Background/Introduction: The efficacy of Bcl-2 inhibitors in chronic lymphocytic leukemia/small lymphocytic lymphoma (CLL/SLL) was established by the approval of agents such as venetoclax across all lines of therapy. However, adverse events (AEs) related to venetoclax and the development of BCL2 mutations leading to resistance may limit the utility of venetoclax in the clinic.
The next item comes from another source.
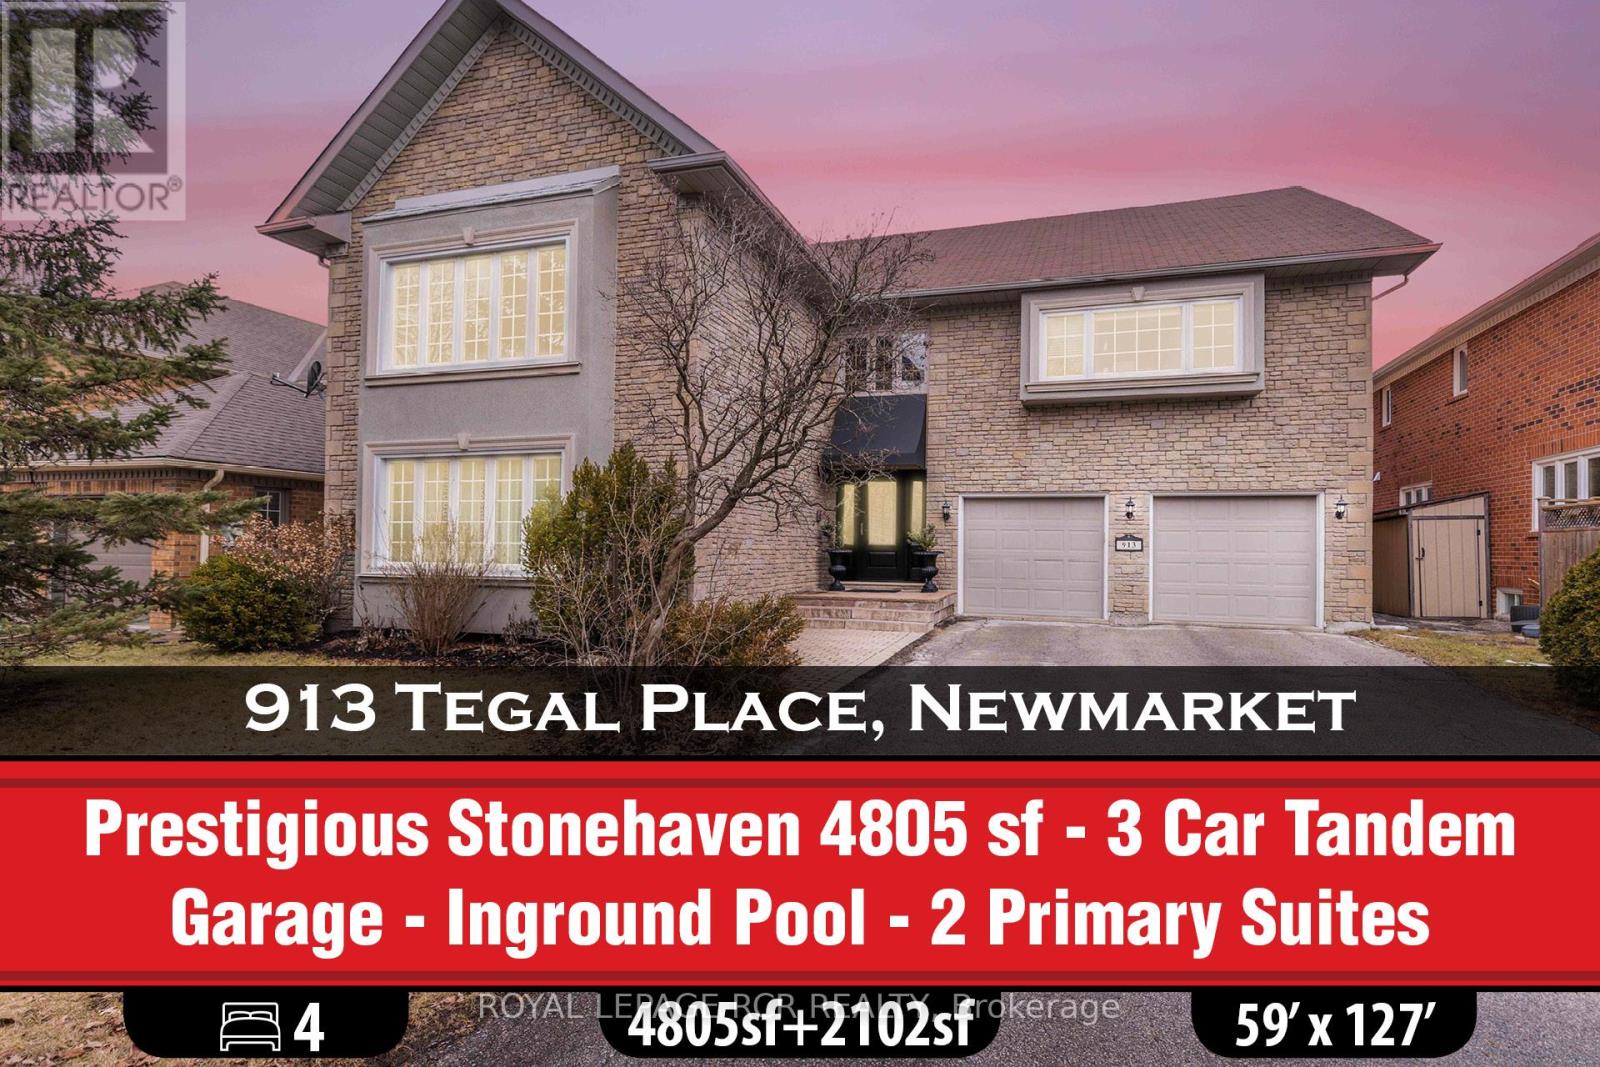 913 TEGAL PLACE, newmarket, Ontario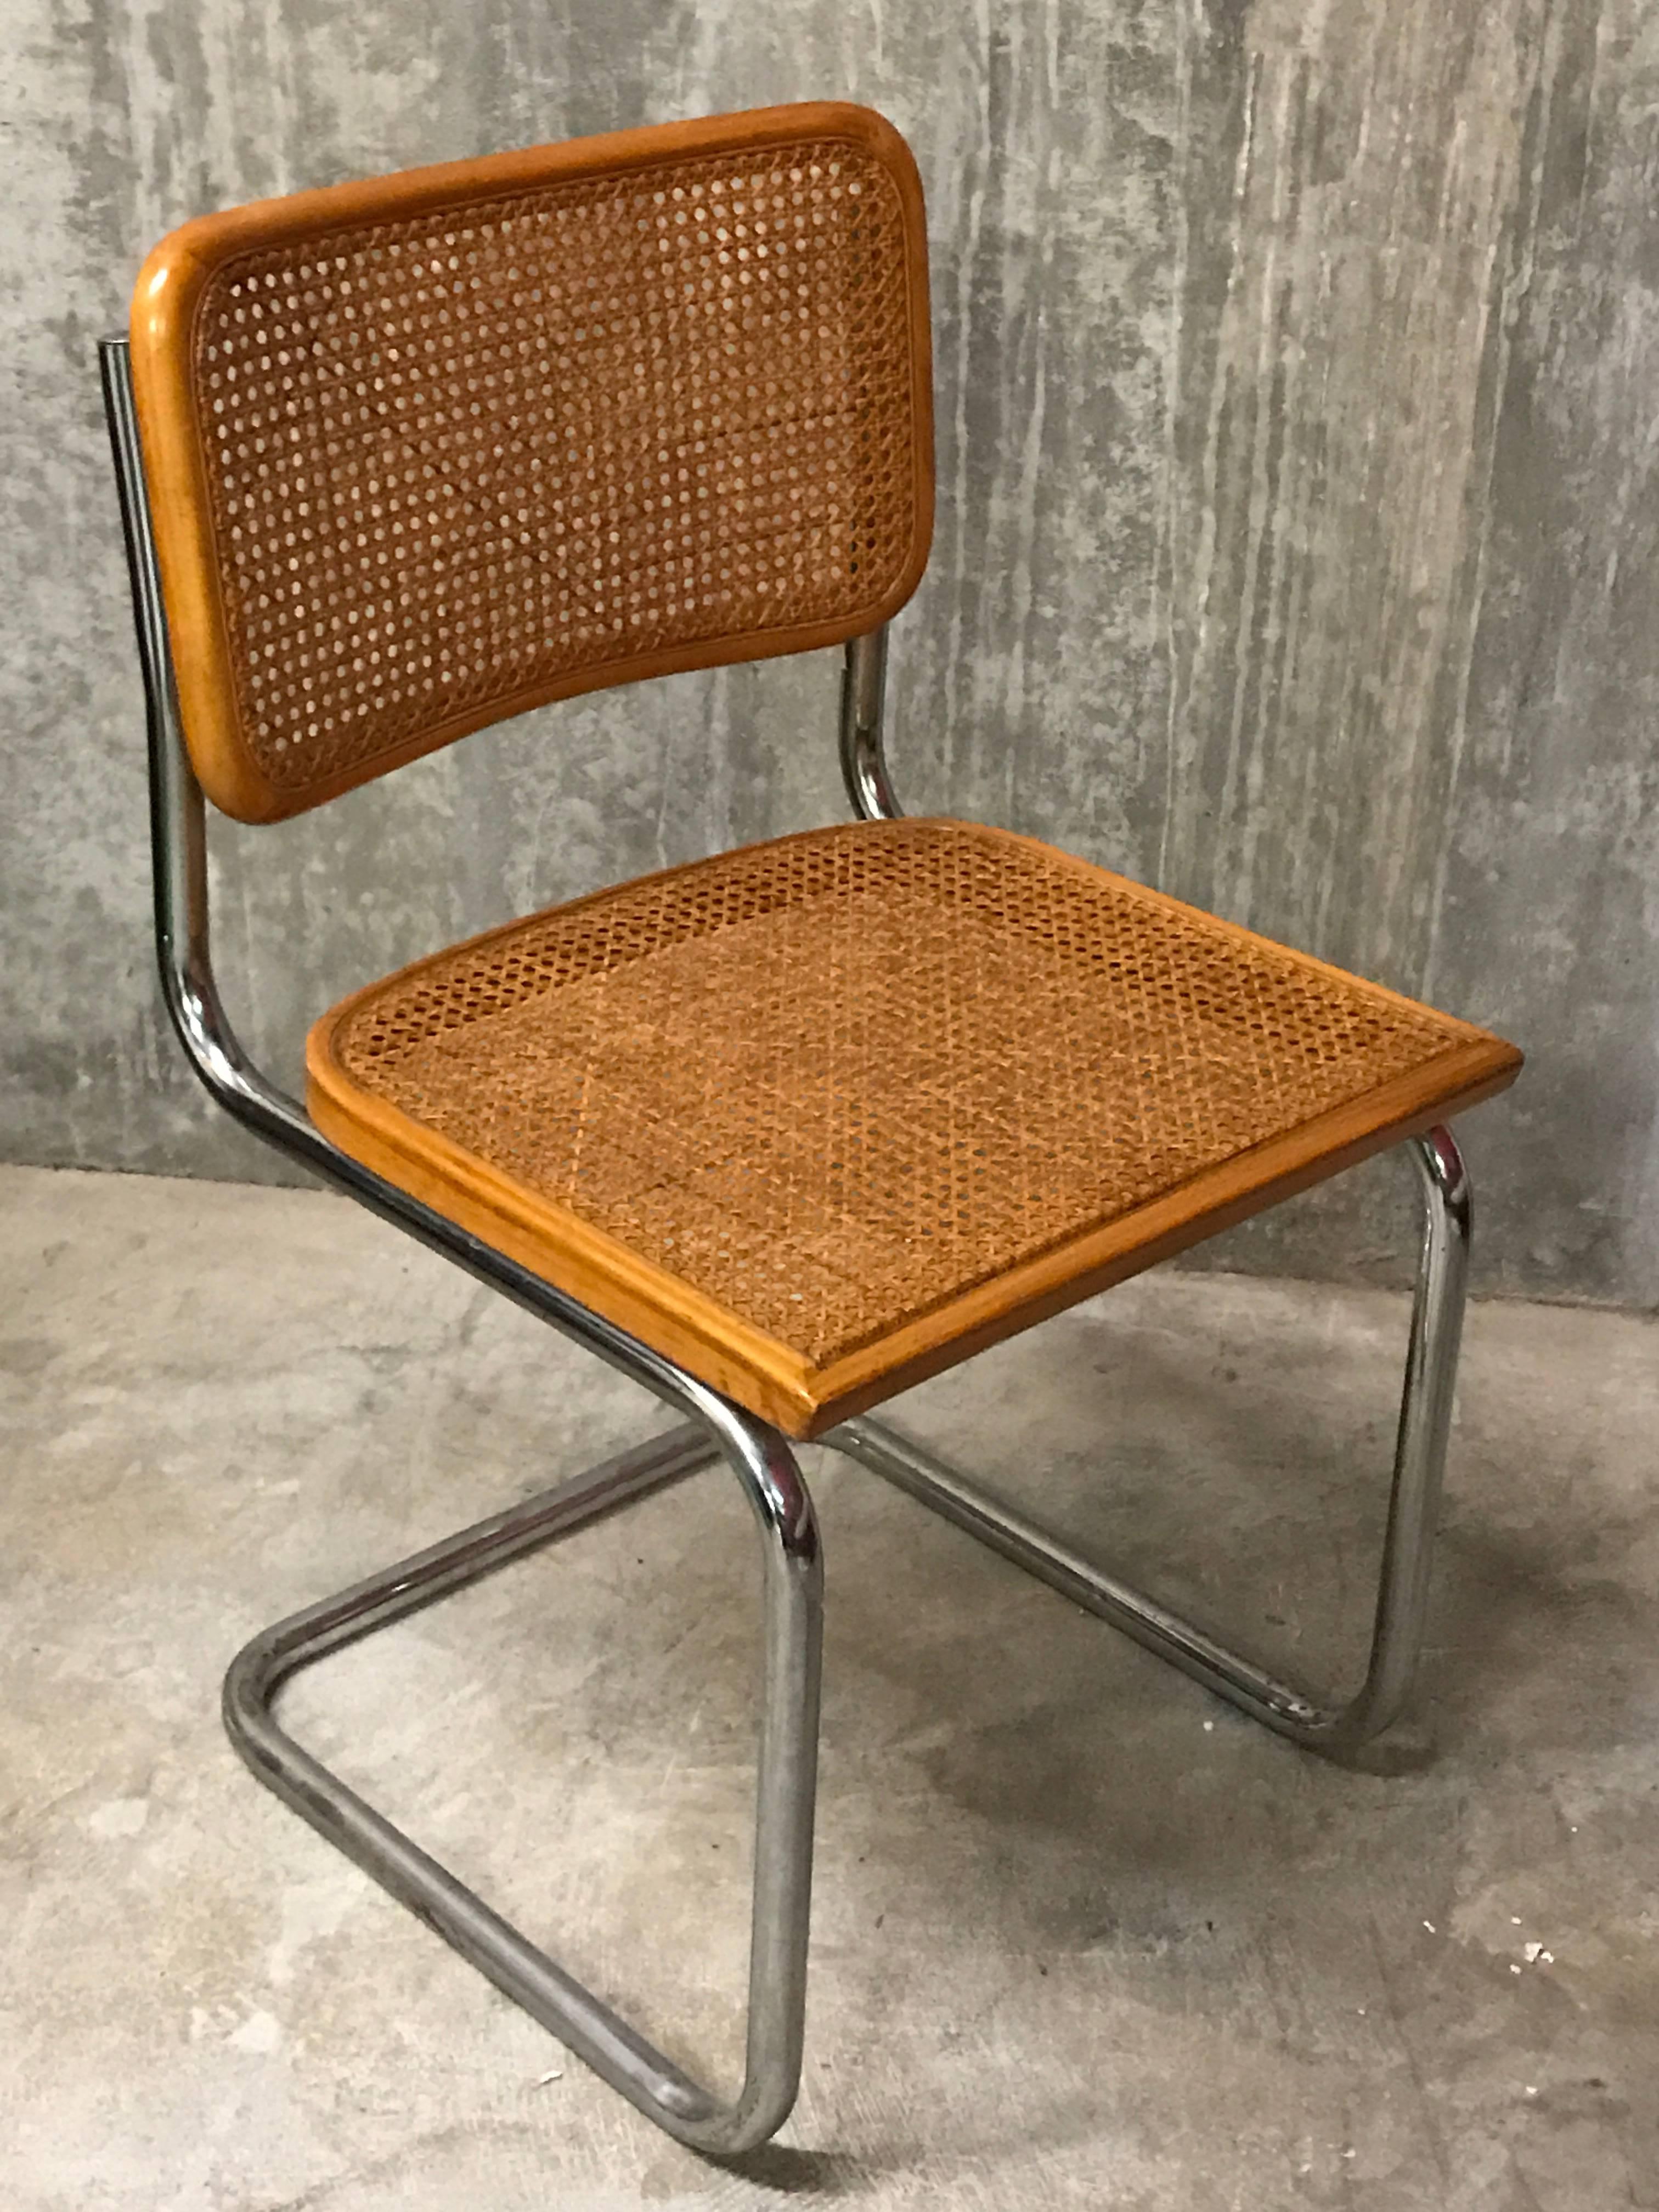 Six vintage Italian Cesca chairs, each one with rich honey yellow frames and firm caning, chrome in good vintage condition, some with made in Italy labels.

Compared to venetoclax, BGB-11417 is a more potent (>10 fold in biochemical assays) and highly selective Bcl-2 inhibitor with the potential to achieve deeper target inhibition and clinical responses. Here, we report preliminary data from a phase 1 trial of BGB-11417 in patients with mature B-cell malignancies.

Methods: BGB-11417-102 (NCT04883957) is a multicenter, phase 1, open-label, dose-finding study conducted in China. The primary objectives were to determine the safety, maximum tolerated dose (MTD) or maximum administered dose, and the recommended phase 2 dose (RP2D) of BGB-11417 monotherapy for the selected B-cell malignancy dose-finding cohorts. Patients with relapsed/refractory (R/R) B-cell malignancies received escalating doses of BGB-11417 monotherapy (80, 160, 320, or 640 mg once daily) with a weekly or daily ramp-up to the intended target dose. Dose-limiting toxicity for each dose cohort was evaluated by a Bayesian logistic regression model during dose ramp-up through day 21 at intended dose. AEs were reported per Common Terminology Criteria for AEs v5.0.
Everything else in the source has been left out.